Given data.
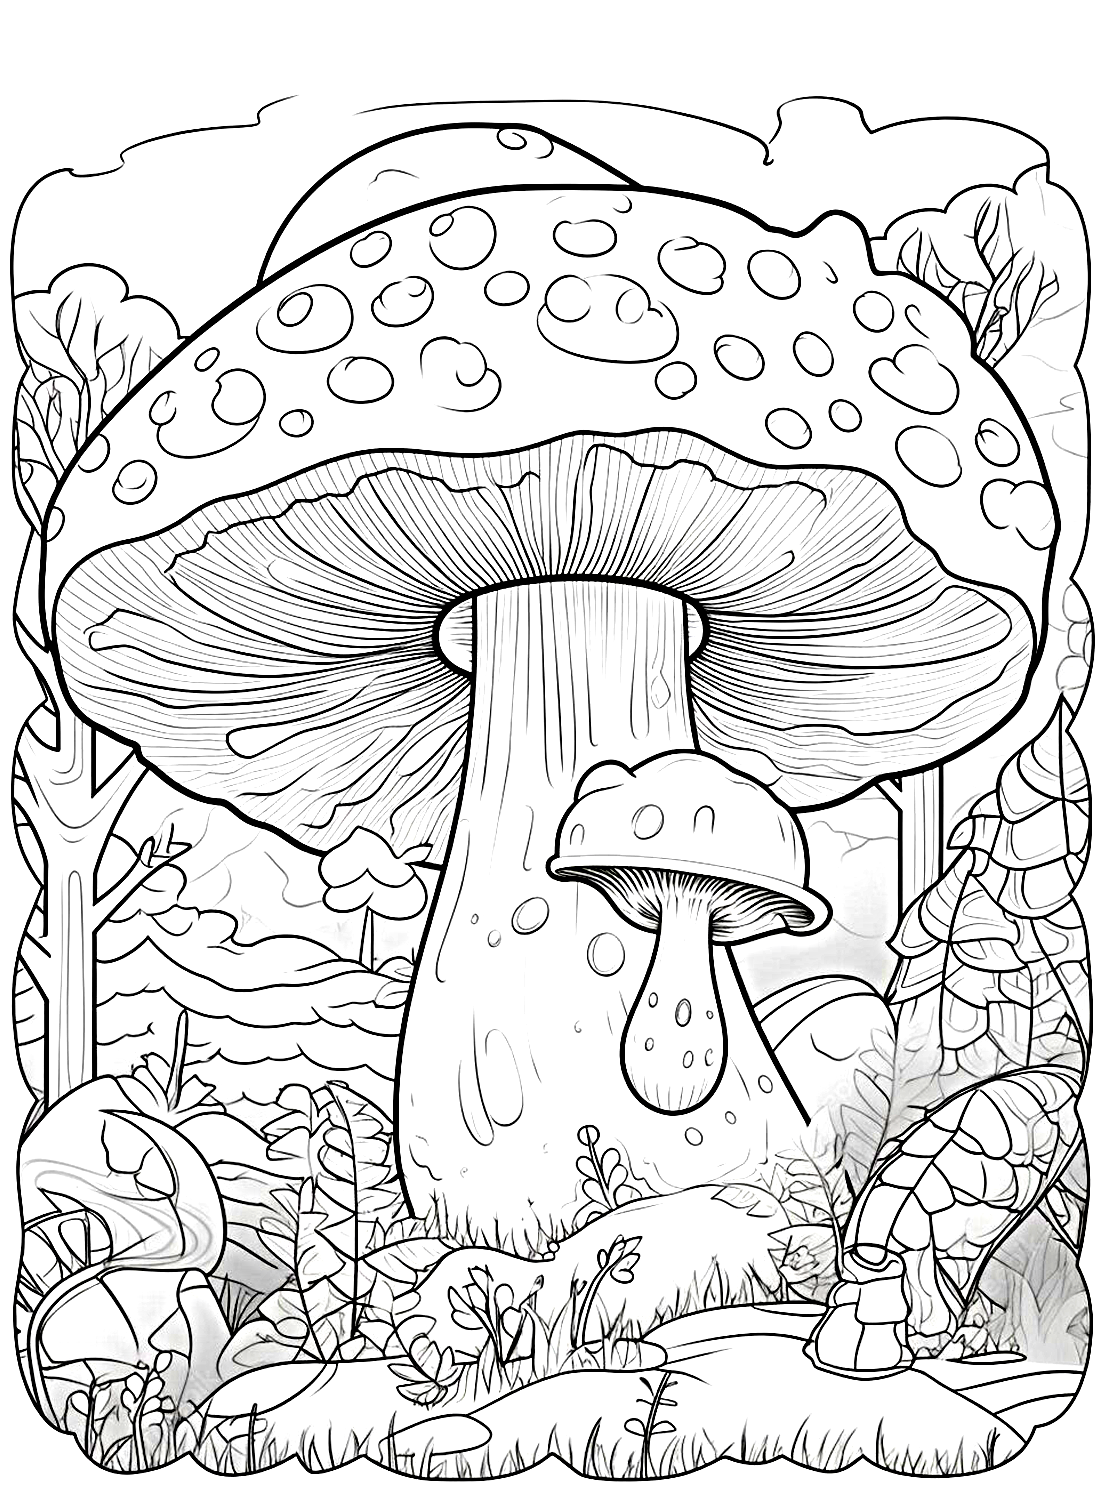 Гигантская картинка с изображением грибов из журнала Mushroom.
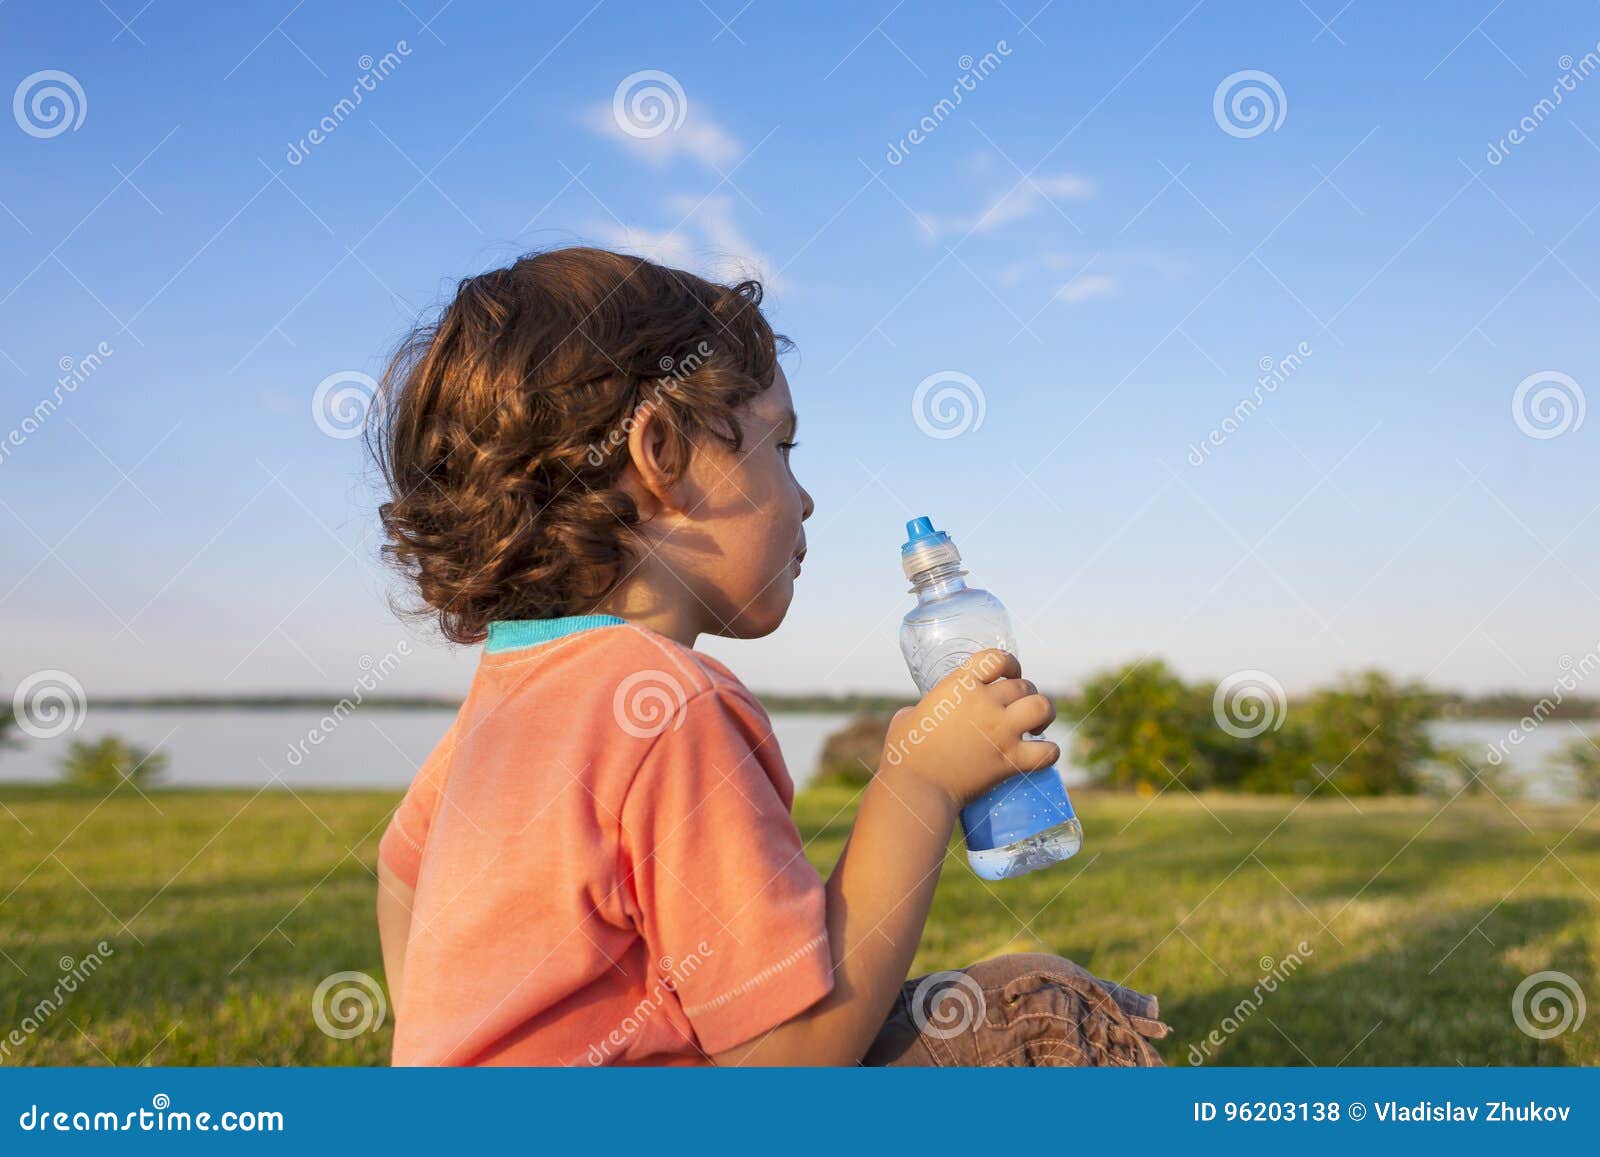 Дети пьют из бутылки. Ребенок пьет воду. Ребенок пьет воду из бутылки. Питьевая вода и здоровье ребенка. Ребенок с бутылкой воды.
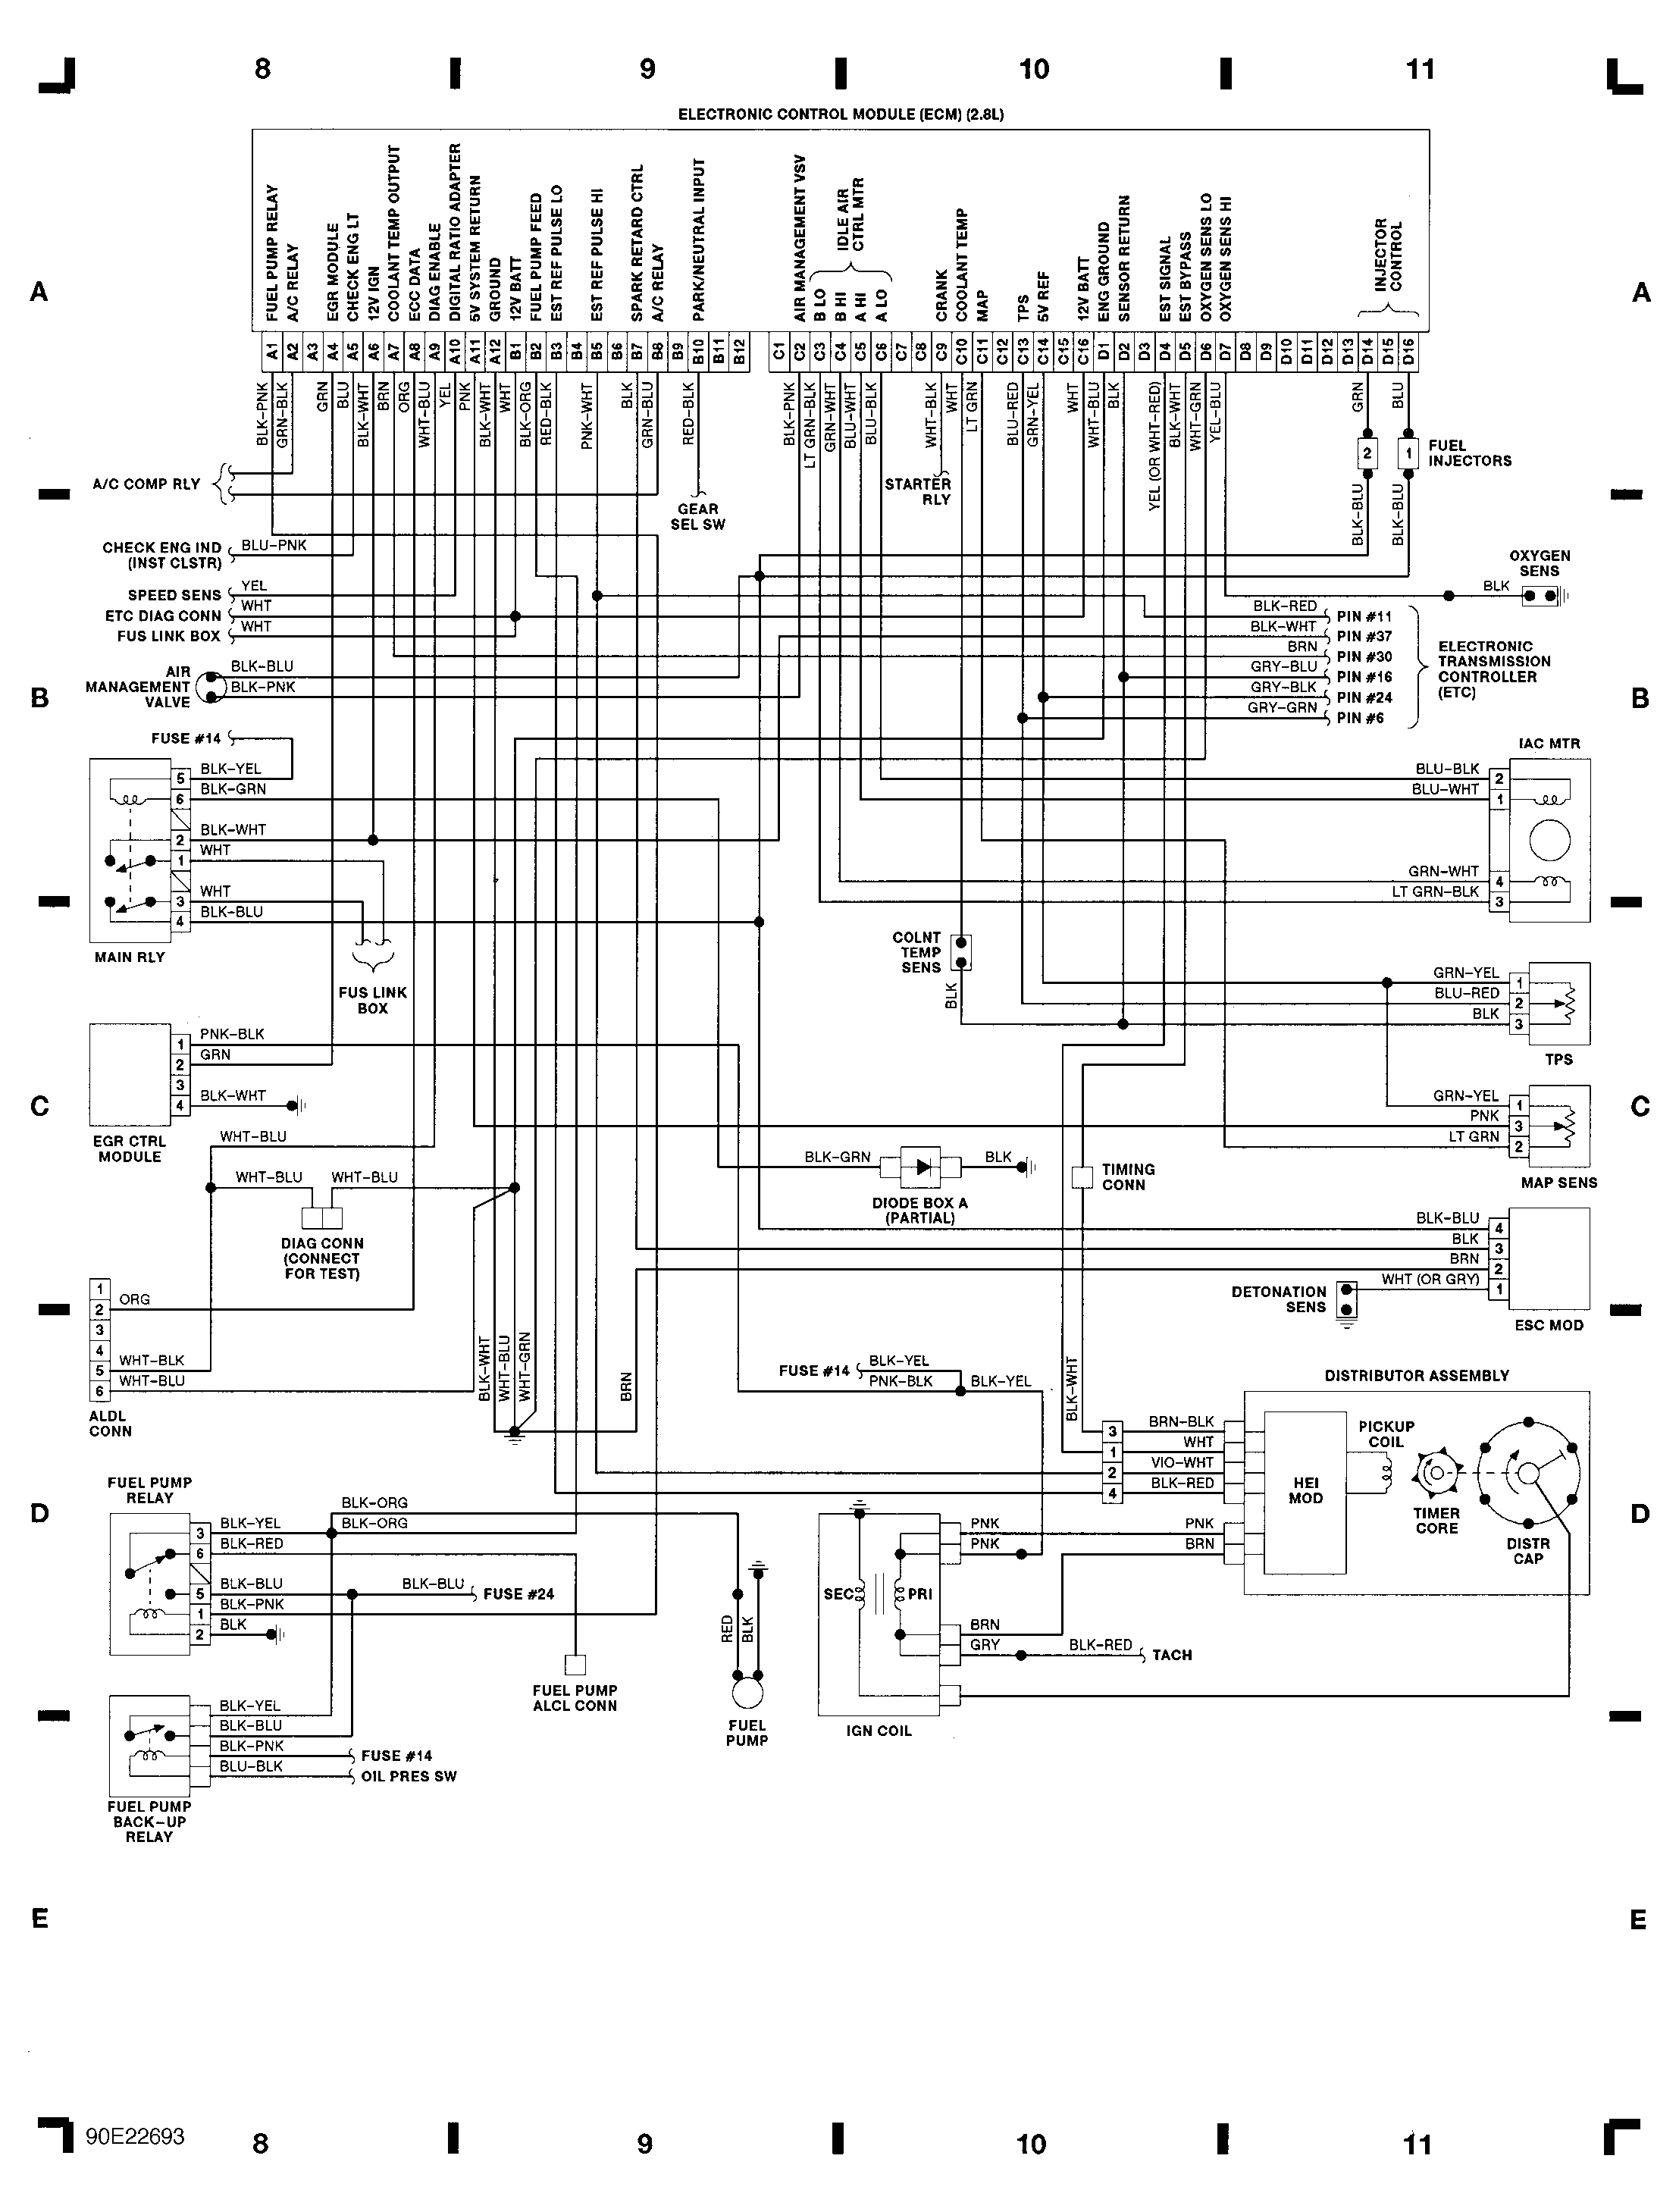 isuzu ignition wiring wiring diagram isuzu npr ignition wiring isuzu ignition wiring

How to complete this task.
Each line from the one containing "Дети пьют из" to the final line of the data must be printed exactly, both included, with nothing else and no pictures.

Exercise result.
 Дети пьют из бутылки. Ребенок пьет воду. Ребенок пьет воду из бутылки. Питьевая вода и здоровье ребенка. Ребенок с бутылкой воды.
 isuzu ignition wiring wiring diagram isuzu npr ignition wiring isuzu ignition wiring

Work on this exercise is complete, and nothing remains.